§ **Supplied material**
====
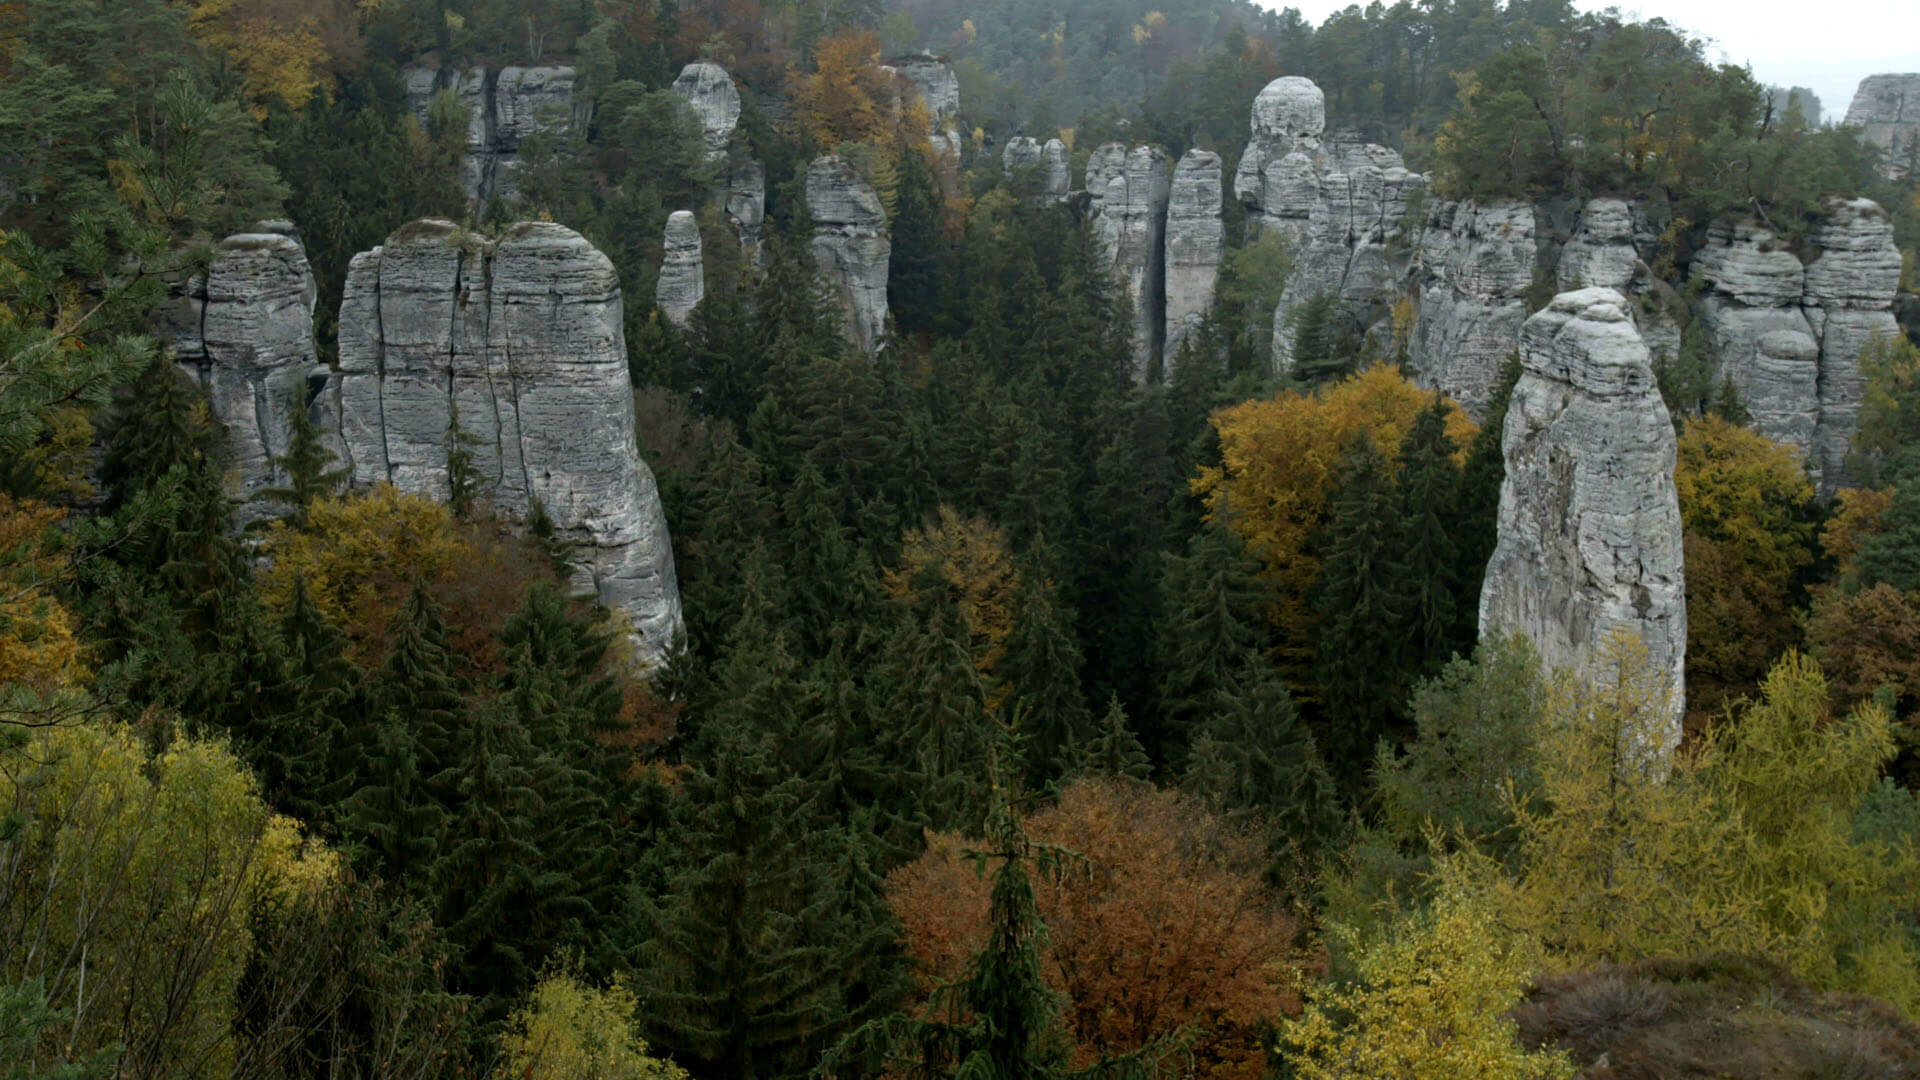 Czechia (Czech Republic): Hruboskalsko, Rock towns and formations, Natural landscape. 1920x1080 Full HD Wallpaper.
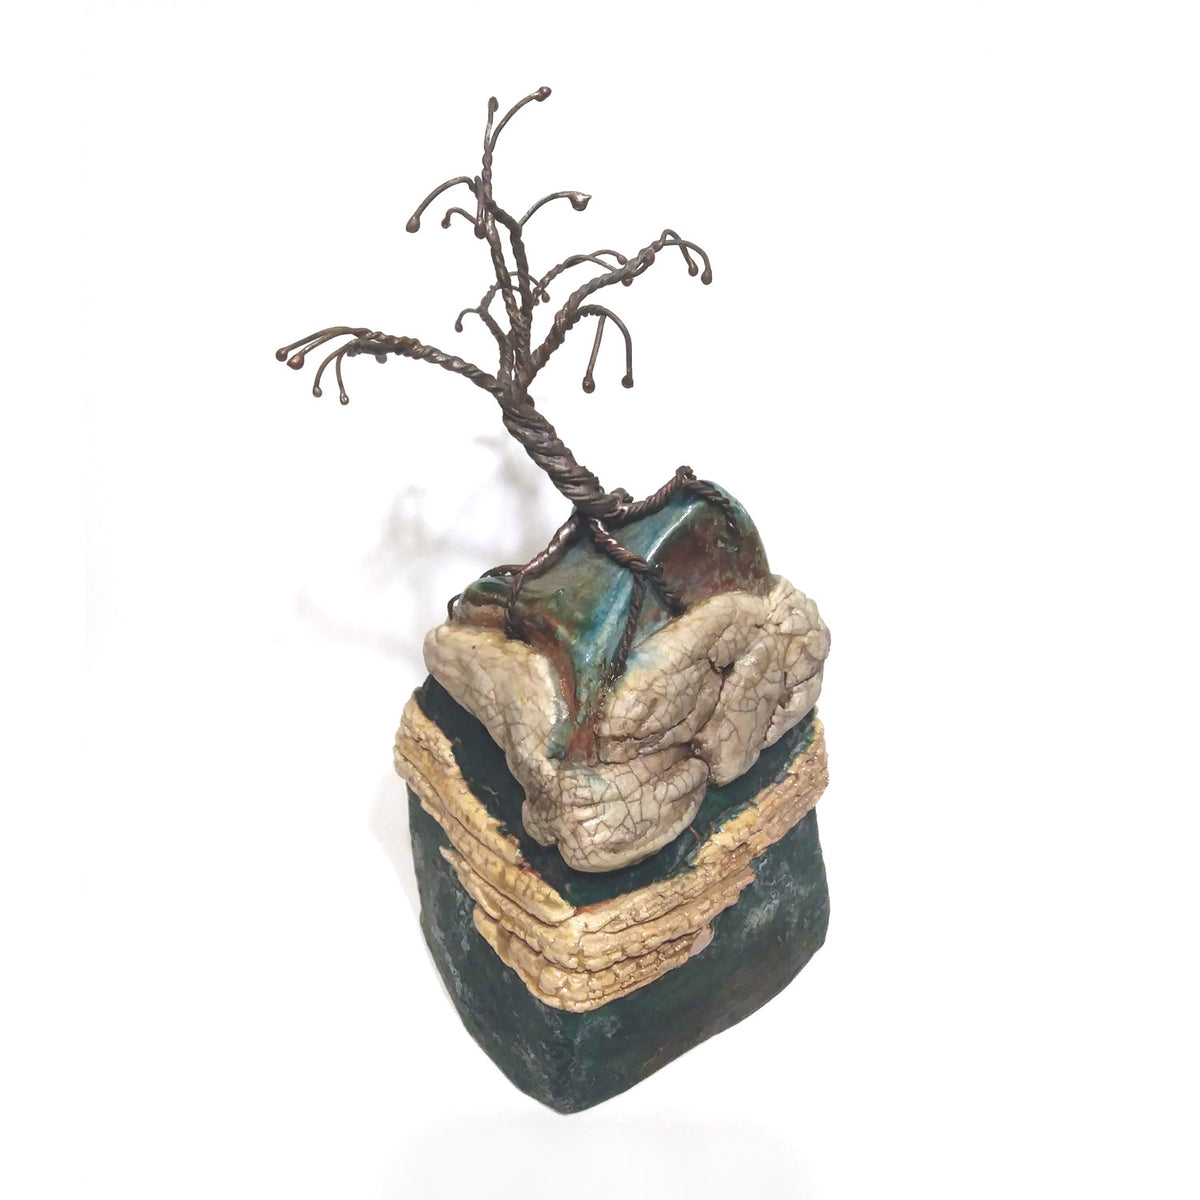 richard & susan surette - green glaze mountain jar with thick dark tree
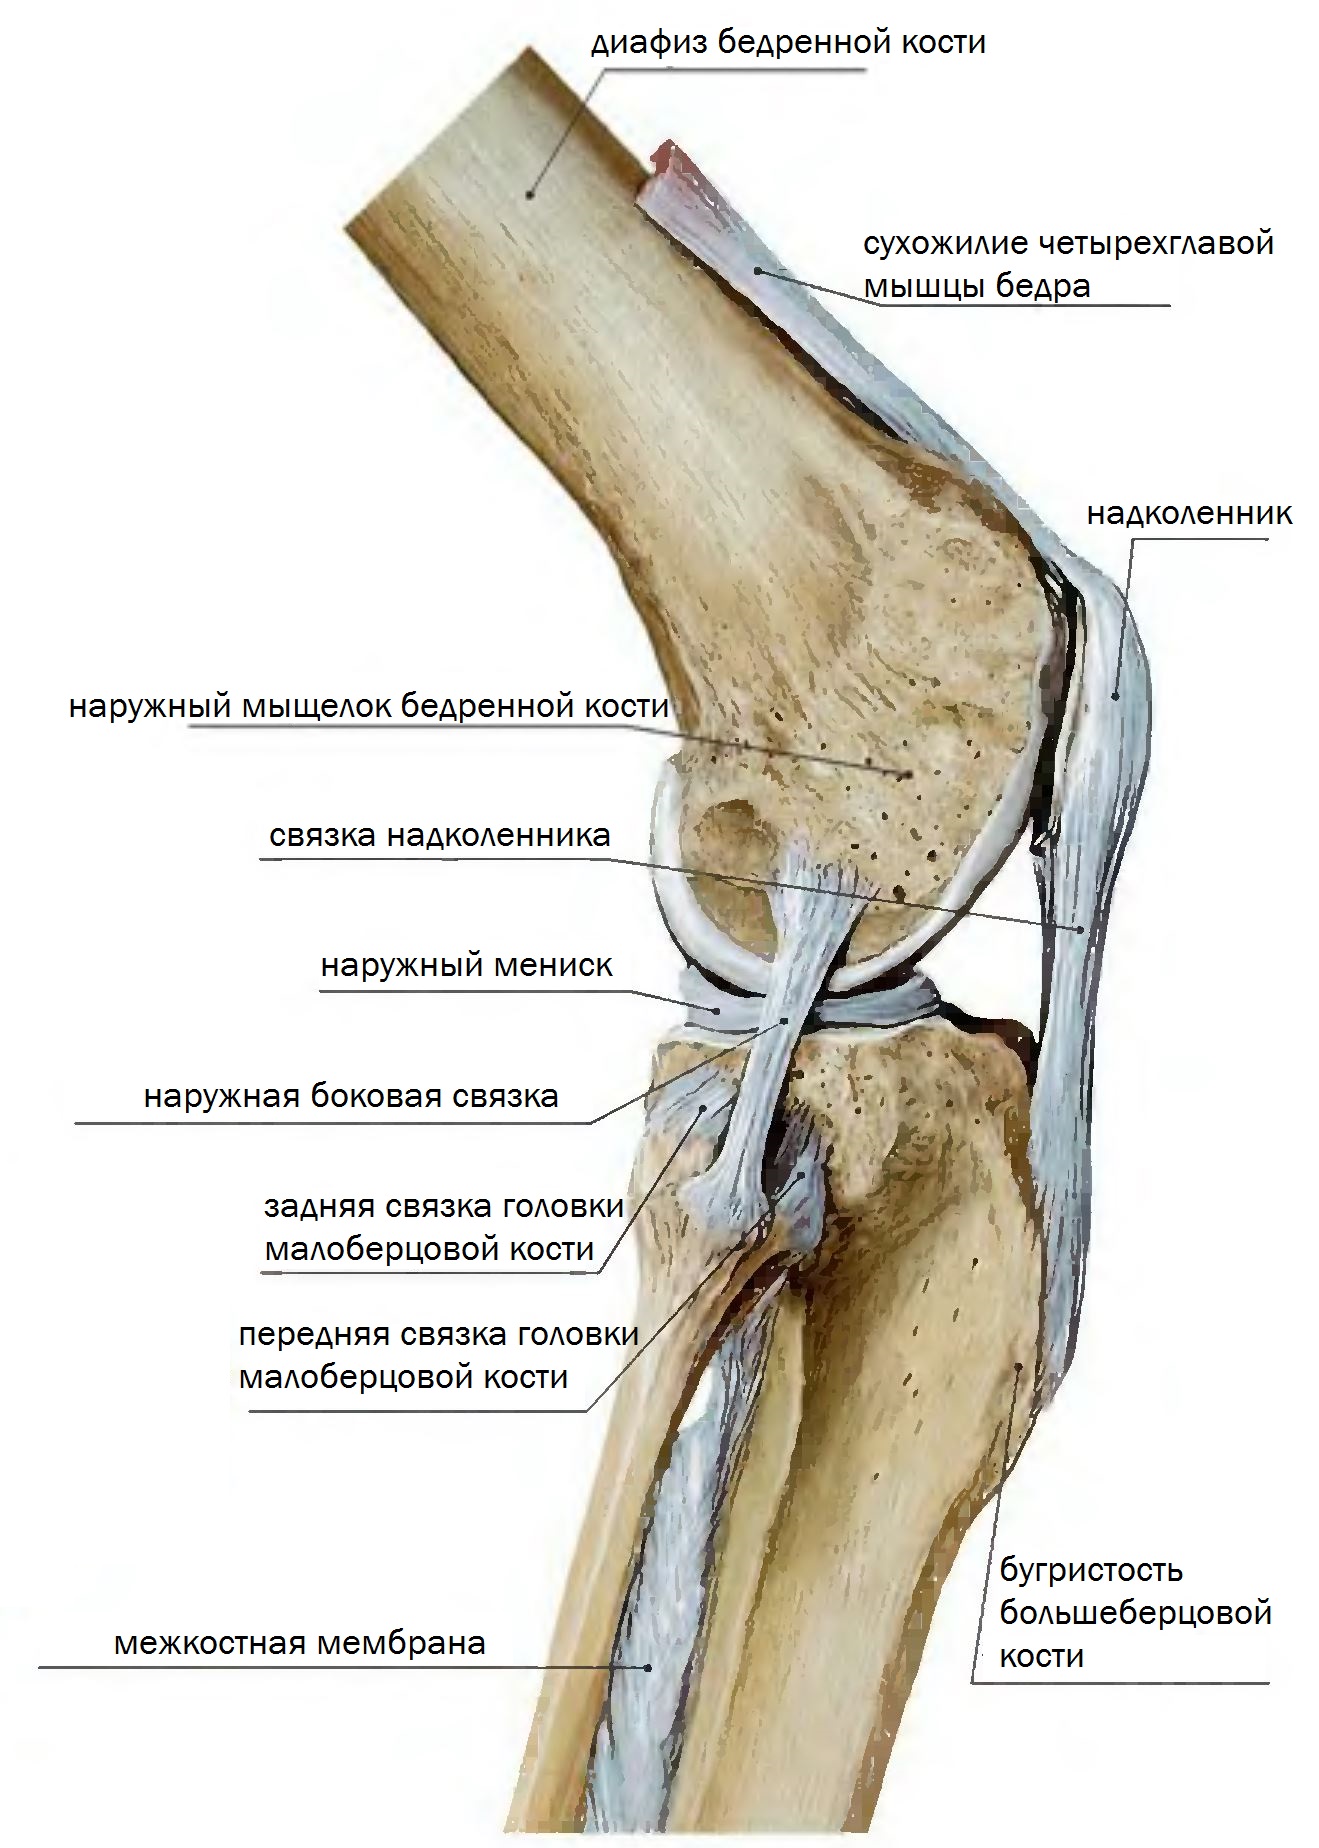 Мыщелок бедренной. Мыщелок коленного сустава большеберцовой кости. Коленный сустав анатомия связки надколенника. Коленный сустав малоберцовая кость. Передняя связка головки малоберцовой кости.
====
§ **What you should do**
Drop the images and return the data verbatim.

§ **Expected answer**
 Czechia (Czech Republic): Hruboskalsko, Rock towns and formations, Natural landscape. 1920x1080 Full HD Wallpaper.
 richard & susan surette - green glaze mountain jar with thick dark tree
 Мыщелок бедренной. Мыщелок коленного сустава большеберцовой кости. Коленный сустав анатомия связки надколенника. Коленный сустав малоберцовая кость. Передняя связка головки малоберцовой кости.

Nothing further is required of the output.